The president’s speech yesterday was another surreal offering, but this time we got two shocking endorsements and amplifications of essential enemy propaganda points. According to George W. Bush, the reason we are in Iraq is ― in part ― to control its oil. Also, according to the president, there is a real danger that Osama bin Laden and his cohort could establish a caliphate over the swath of territory from Spain to the Phillipines. Here he is on oil, and what would happen to it if we left:

Extremists would control a key part of the world’s energy supply, could blackmail and sabotage the global economy. They could use billions of dollars of oil revenues to buy weapons and pursue their deadly ambitions.

Out of the 20-30,000 people we have in custody in Iraq, 130 of them are non-Iraqi. Can anyone imagine the gang of idiots currently slaughtering innocent Iraqis with car bombs trying to run the oil infrastructure of a country the size of Iraq? Monitoring extraction, handling the logistics of getting oil through southern Iraq out to port and then dealing with multinationals and the sophisticated financial instruments used to remunerate oil producers? Could anything be more ridiculous?

Then we went on to the other nightmare scenario: American defeat in Iraq will birth a caliphate!

These extremists hope to impose that same dark vision across the Middle East by raising up a violent and radical caliphate that spans from Spain to Indonesia… And that is why they plot to attack us again. And that is why we must stay in the fight until the fight is won.

Who is writing this stuff? Chris Preble and I have written why al Qaeda has no hope of taking over Iraq in the wake of a U.S. withdrawal, but their reestablishing the caliphate is an even more ridiculous notion. But don’t take it from me:

“I can see the whole Arab world falling into sectarian violence, so I can’t see this caliphate happening,” said London-based anthropologist Madawi al-Rasheed, referring to Sunni-Shi’ite tensions in Iraq and Lebanon.

“This is just part of (al Qaeda’s) war of slogans.”

[...]

Lebanese historian Kamal Salibi said the region had already failed to unite under the banner of Arab nationalism after World War Two.

“It didn’t work with Arab nationalism, and with pan-Islamism it is working less,” he said. “The likelihood that states would give up their sovereignty is now more remote than ever before.”

[...]

“For most of the mainstream and less mainstream political parties of political Islam, the borders of the contemporary state have been accepted,” said As’ad AbuKhalil from Lebanon, who teaches politics at the U.S. California State University.

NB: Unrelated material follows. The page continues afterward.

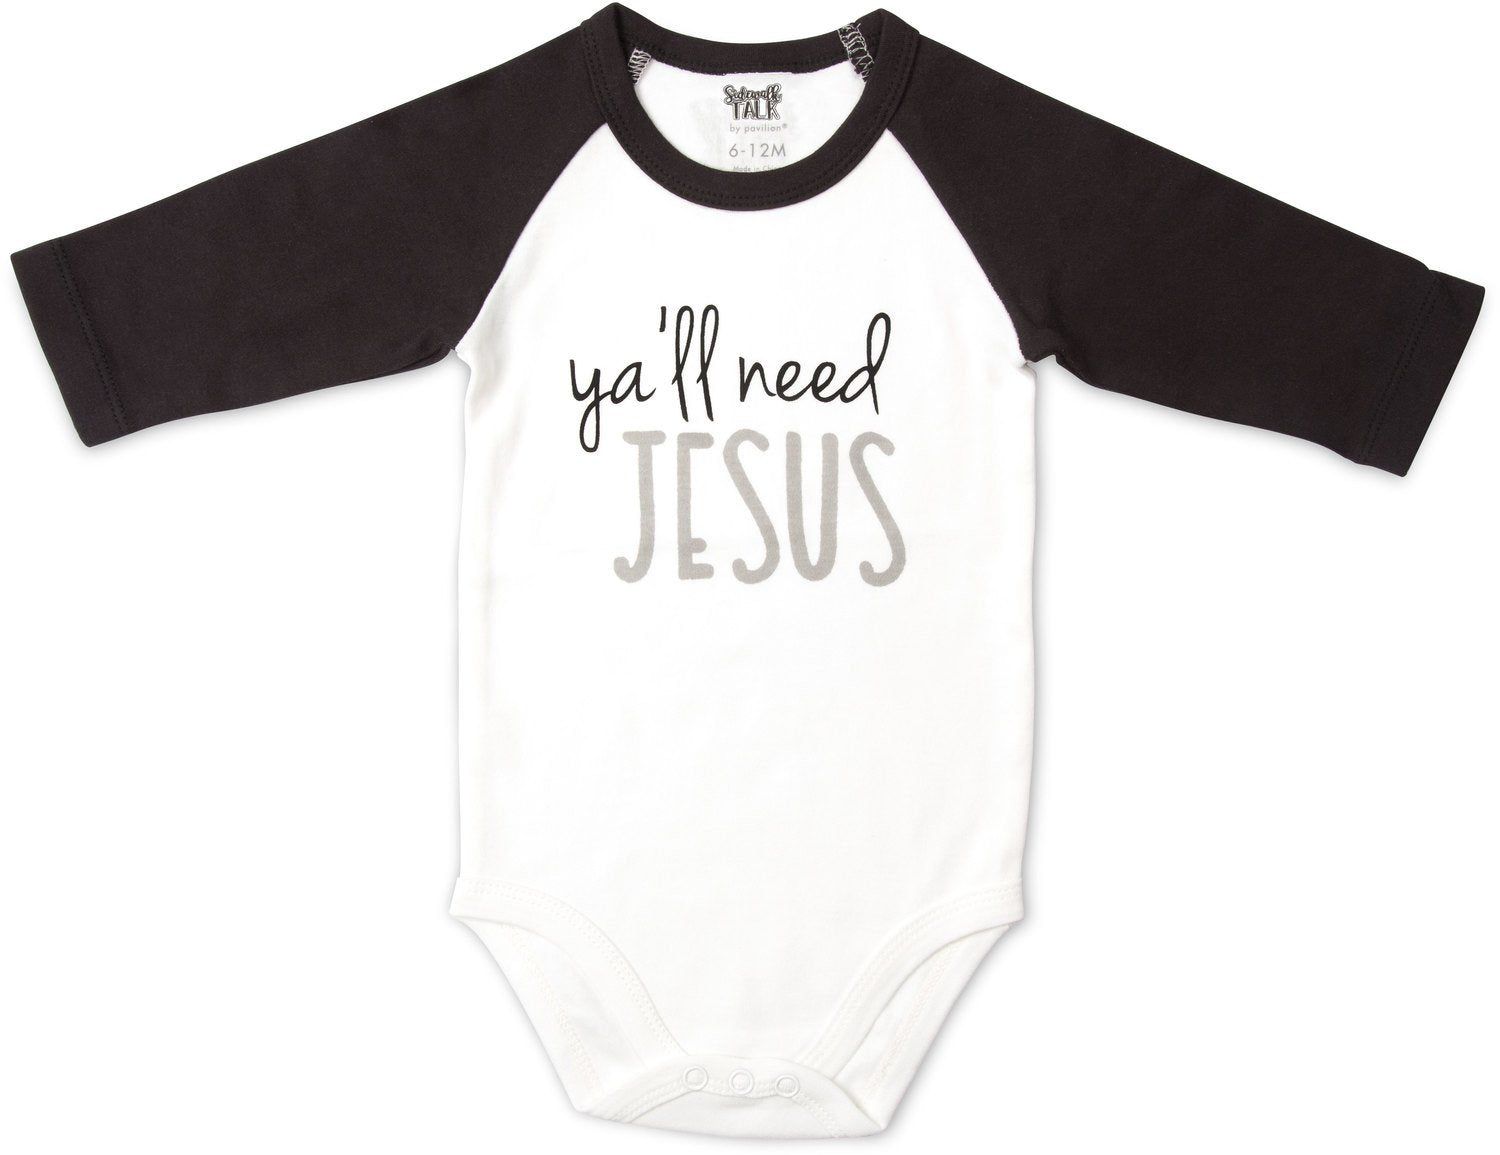 Ya'll Need Jesus 3/4 Sleeve Baby Onesie Baby Onesie Sidewalk Talk - GigglesGear.com
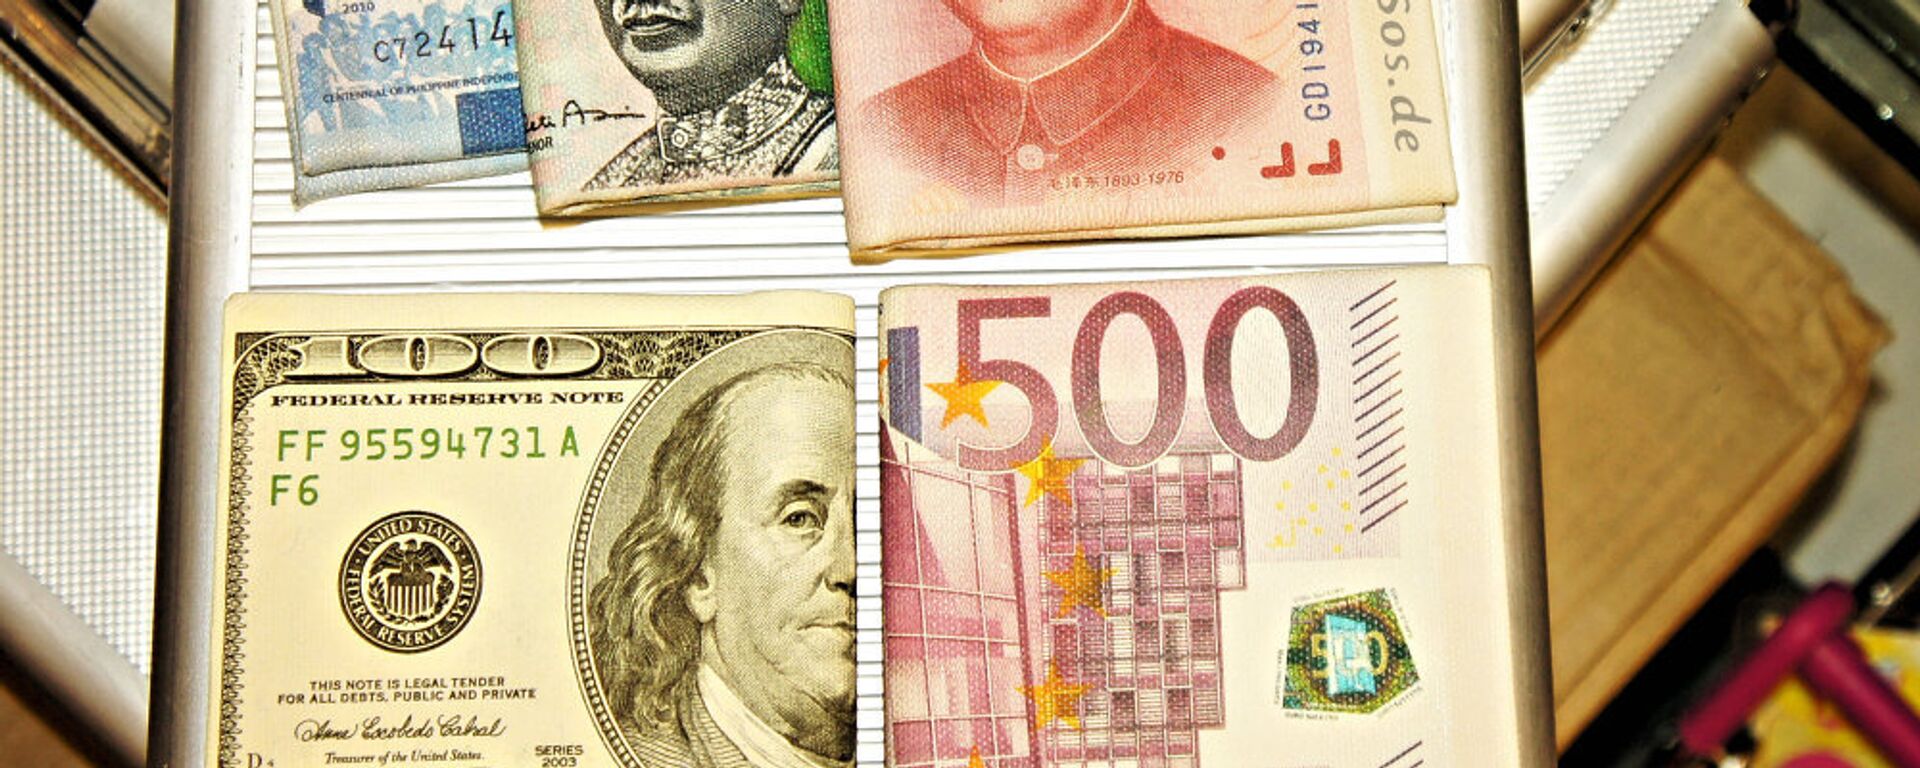 Кинески јуан, евро, амерички долар и друге валуте - Sputnik Србија, 1920, 08.05.2021

“There is absolutely no credence to the notion that the quest for the caliphate is the overriding goal of the Islamist movement in the region.”

It’s disgraceful that the president is aping enemy propaganda, which no doubt gives people in the Islamic world the impression that we believe that al Qaeda is strong ― strong enough to have a shot at the caliphate that it gets mentioned in a presidential speech. The very idea is ridiculous. Al Qaeda is weak and should be destroyed, not revered as a world power.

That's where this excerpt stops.